Lukas Kwasniok beim 1. FC Köln vor dem Aus? Das sagt der Trainer selbst zu den Gerüchten

Von Kaspar Kamp

Köln - Trainer Lukas Kwasniok (44) gibt sich vor dem Abstiegsduell des 1. FC Köln am Samstagabend (18.30 Uhr/Sky) beim Hamburger SV gelassen. 

Lukas Kwasniok (44), Trainer des 1. FC Köln, macht sich keine Sorgen um seinen Job.
Lukas Kwasniok (44), Trainer des 1. FC Köln, macht sich keine Sorgen um seinen Job.  © Federico Gambarini/dpa

Auf die Frage, ob ihn die Diskussionen um seine Person stören, antwortete der Trainer des Fußball-Bundesligisten: "Das Wichtigste in schwierigen Situation ist, auch eine gewisse Distanz zu Dingen aufzubauen, die für die eigene Arbeit eher irrelevant sind. Mir geht es um das, was ich beeinflussen kann.

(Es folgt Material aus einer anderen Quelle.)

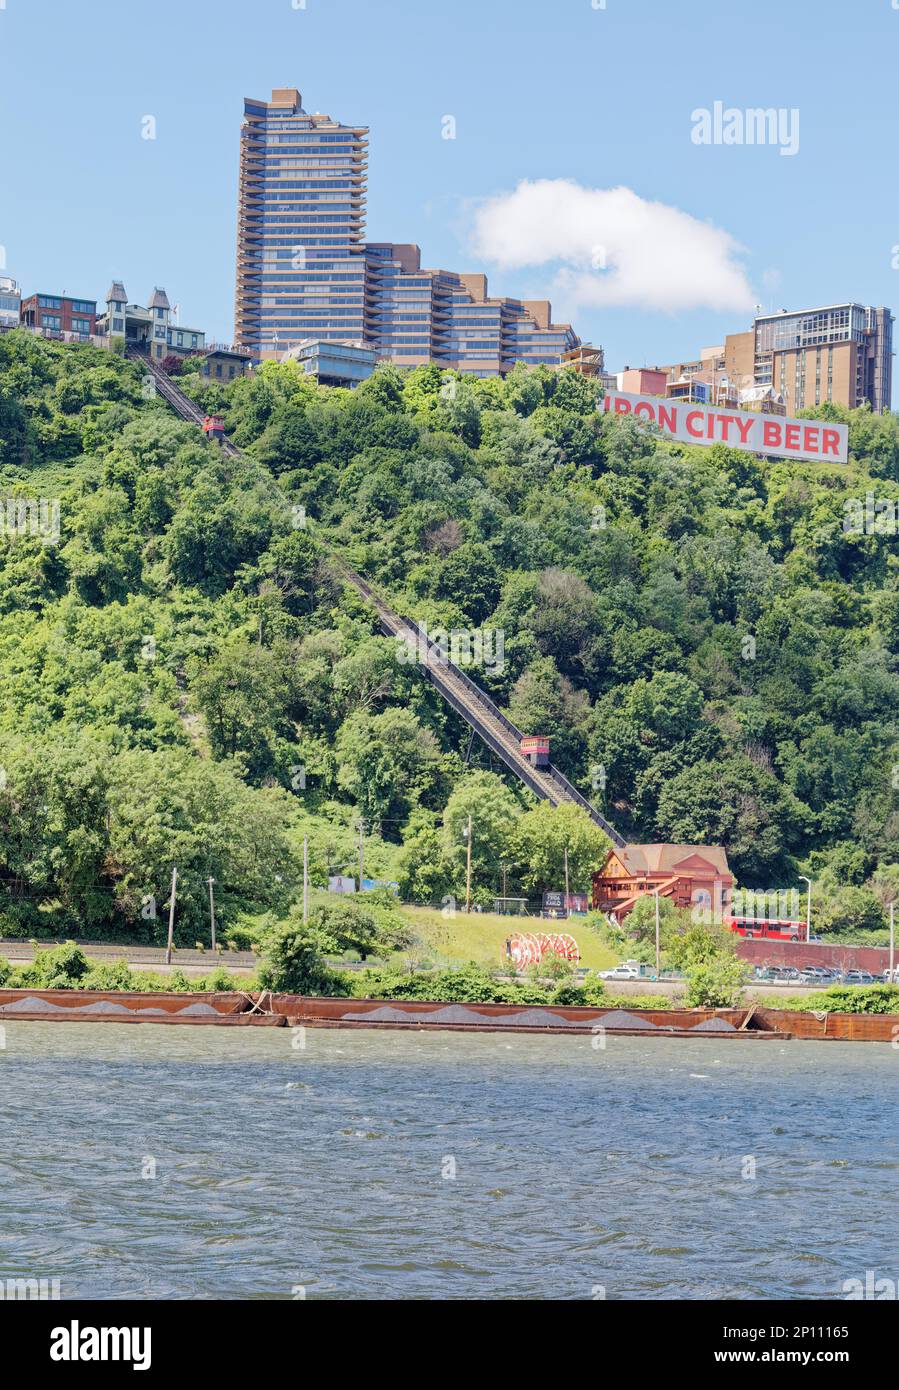 Pittsburgh South Shore: Landmark Duquesne Incline carries tourists and commuters up Mount Washington’s 30 degree slope from the Ohio River bank. Stock Photo

Darauf fokussiere ich mich in der Arbeit."

Er spüre den Rückhalt im Verein. "Ich schätze an der Chefetage sehr, dass sie Dinge ruhig und sachlich einschätzen", sagte Kwasniok.

Dass Köln als Aufsteiger um den Klassenerhalt spiele, sei schließlich keine Überraschung. "Es ist wichtiger, auf die Performance zu schauen als in Hysterie zu verfallen", sagte der 44-Jährige.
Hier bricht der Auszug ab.